• [WORK INSTRUCTIONS]:
Transcribe the listing verbatim, please, with images dropped.

• [DATASET SECTION]:

----

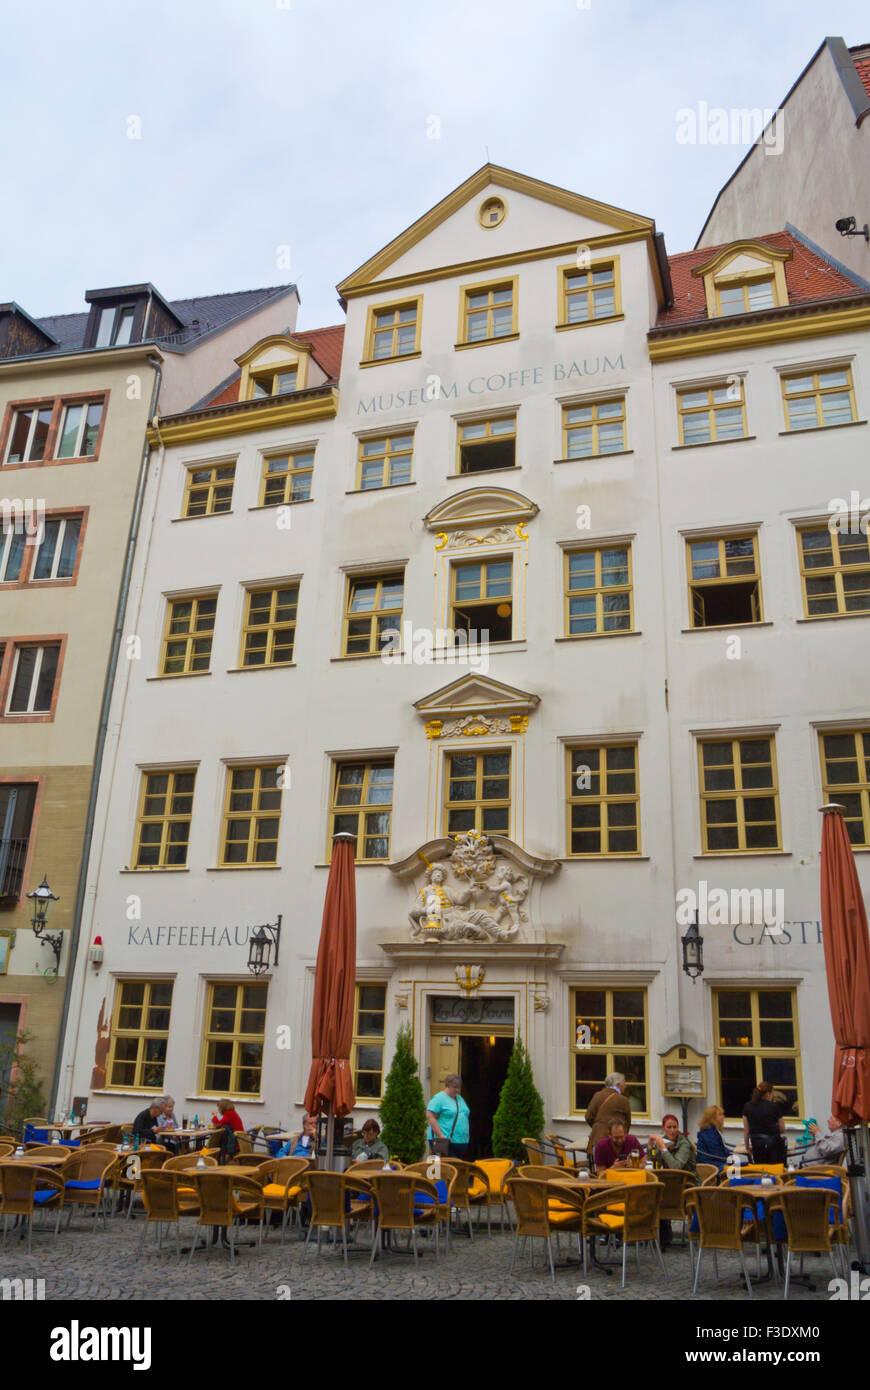 Museum Coffe Baum, Zum Arabischen Coffe Baum, Museum und Café, Kleine Fleischergasse, Altstadt, alte Stadt, Stockbild
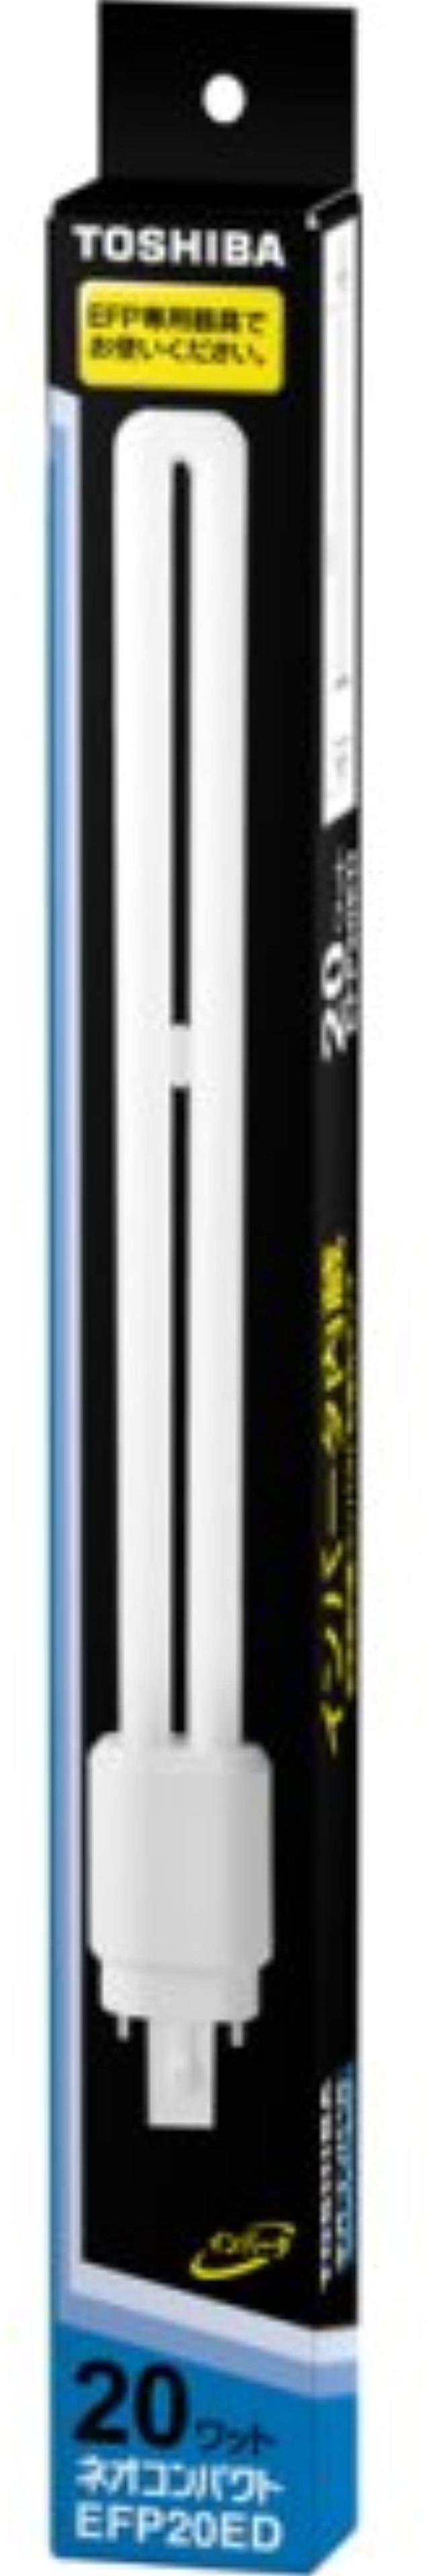 コンパクト蛍光ランプ ネオコンパクト 20Wタイプ 昼光色[EFP20ED]
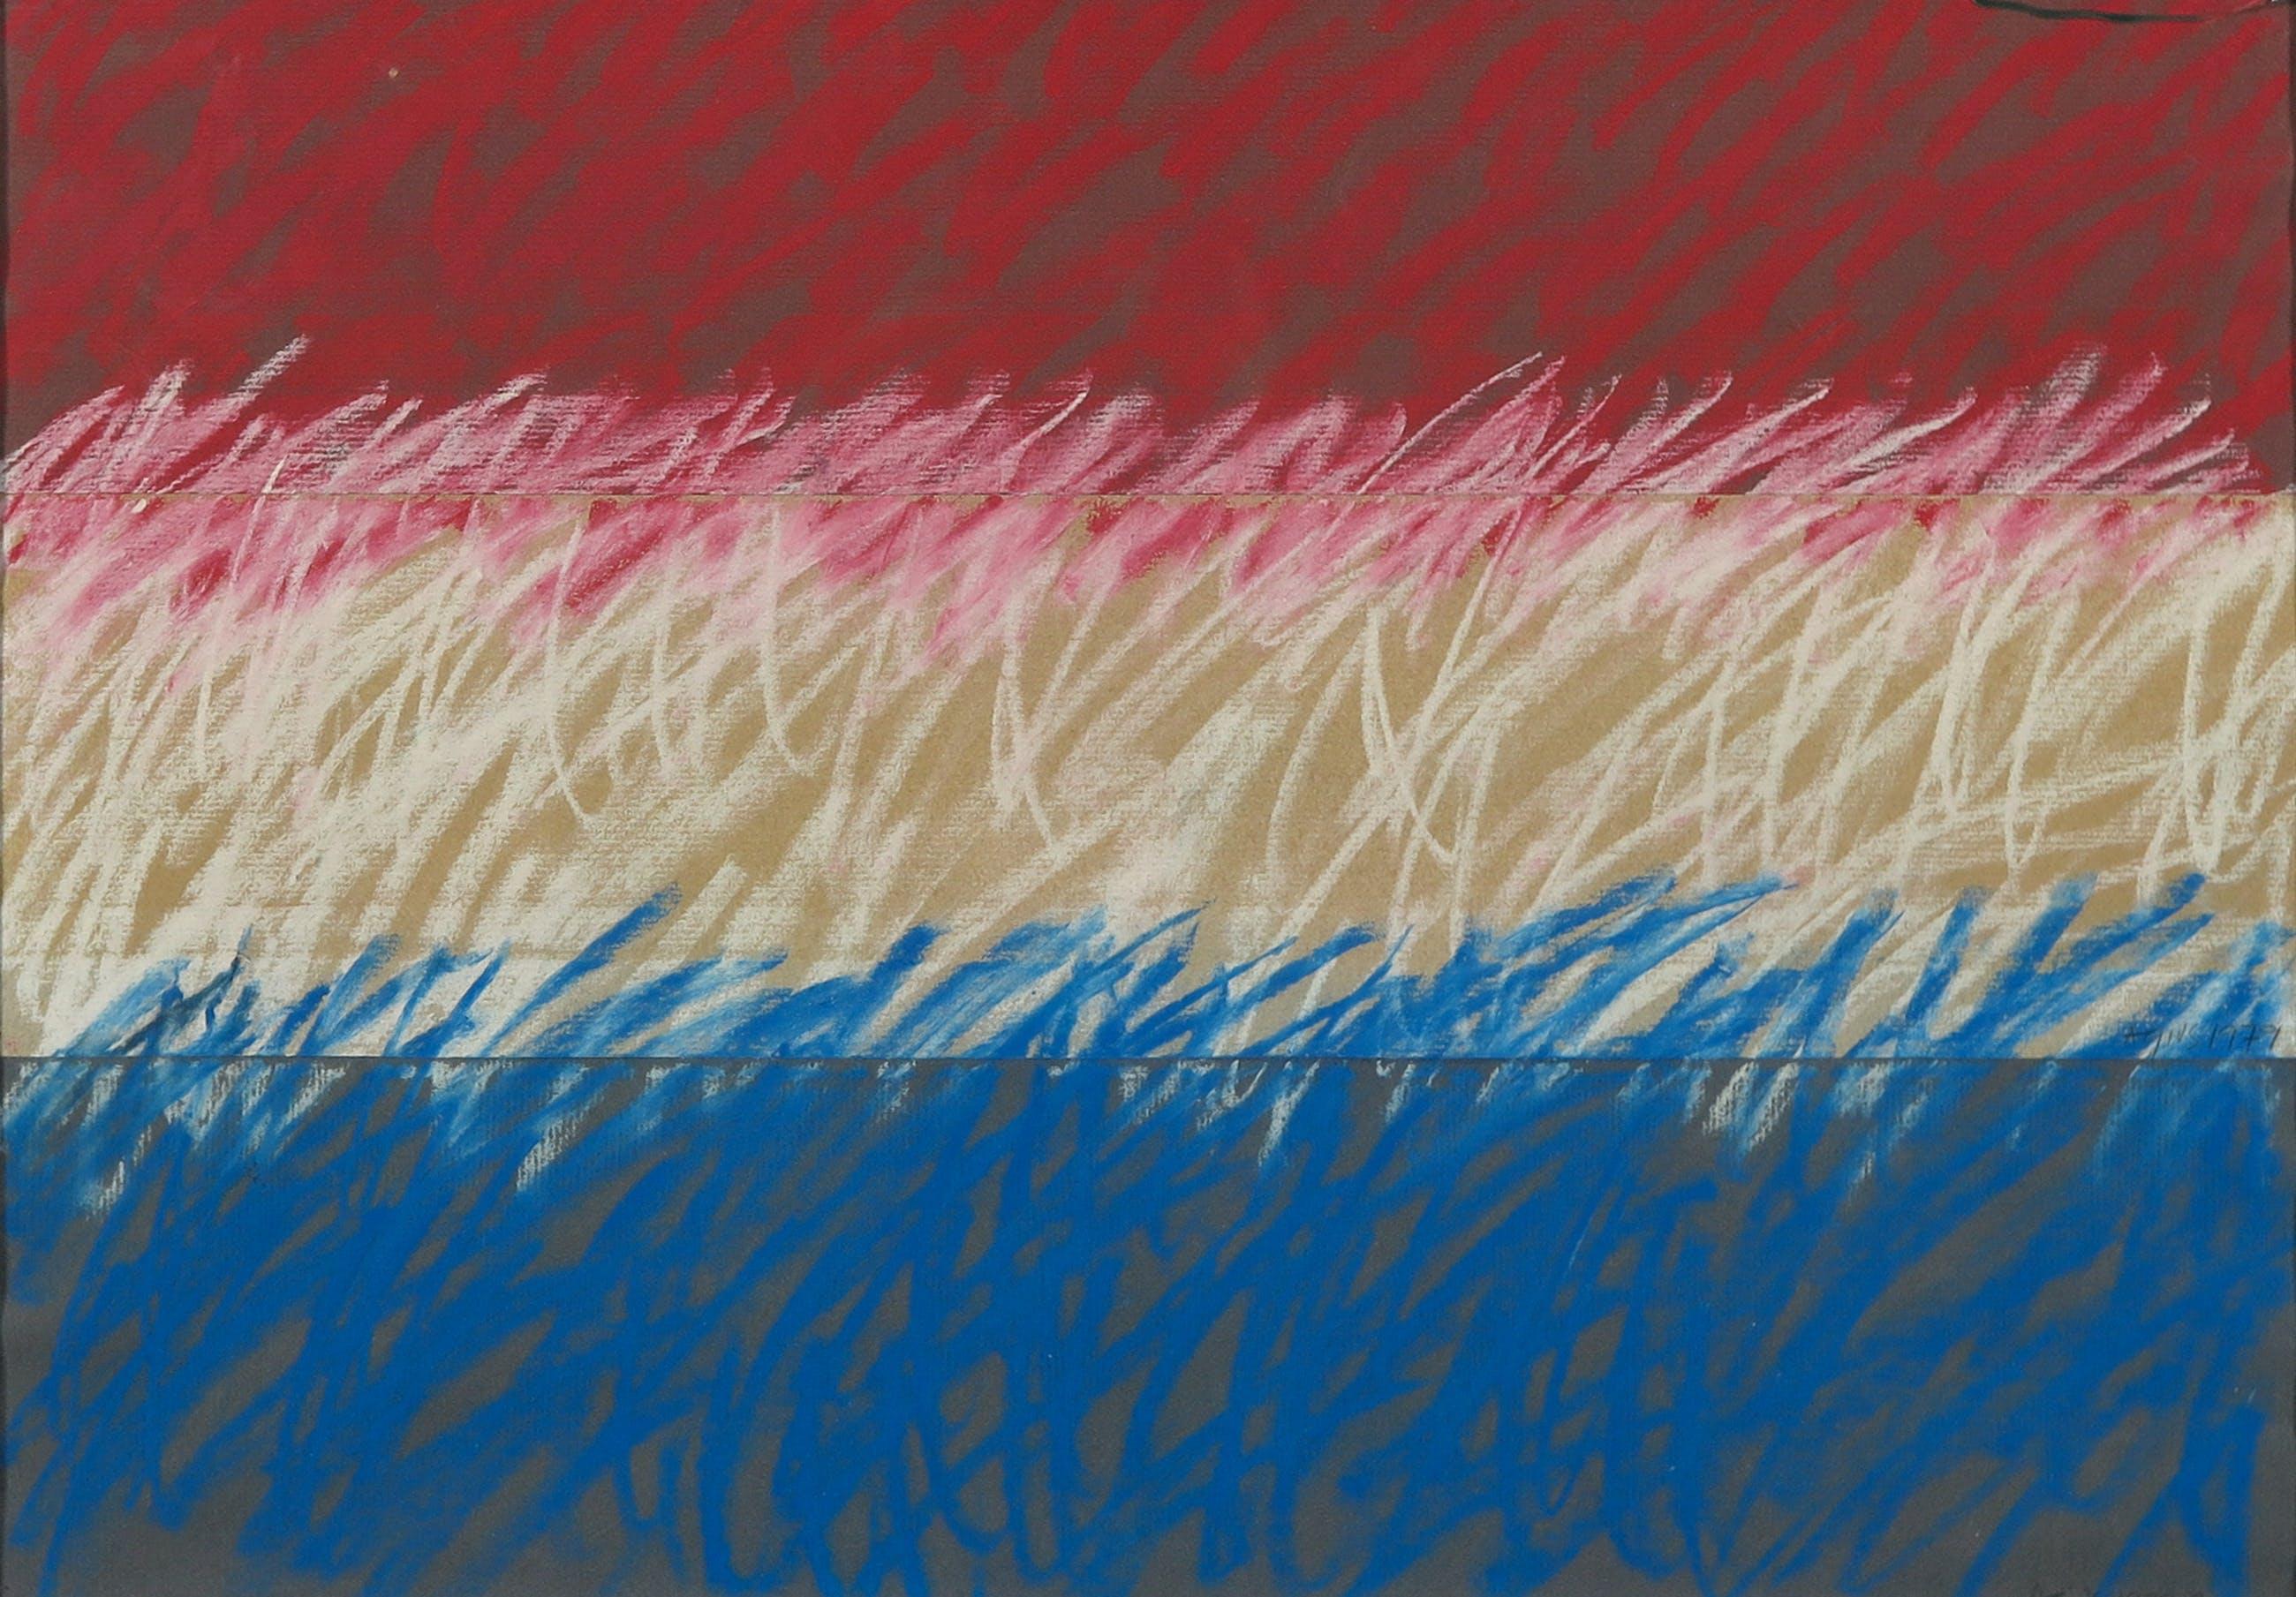 Juan J. Agius - Pastelkrijt op papier, Rood, wit, blauw - Ingelijst kopen? Bied vanaf 1!

----

• [EXERCISE RESULT]:
 Museum Coffe Baum, Zum Arabischen Coffe Baum, Museum und Café, Kleine Fleischergasse, Altstadt, alte Stadt, Stockbild
 コンパクト蛍光ランプ ネオコンパクト 20Wタイプ 昼光色[EFP20ED]
 Juan J. Agius - Pastelkrijt op papier, Rood, wit, blauw - Ingelijst kopen? Bied vanaf 1!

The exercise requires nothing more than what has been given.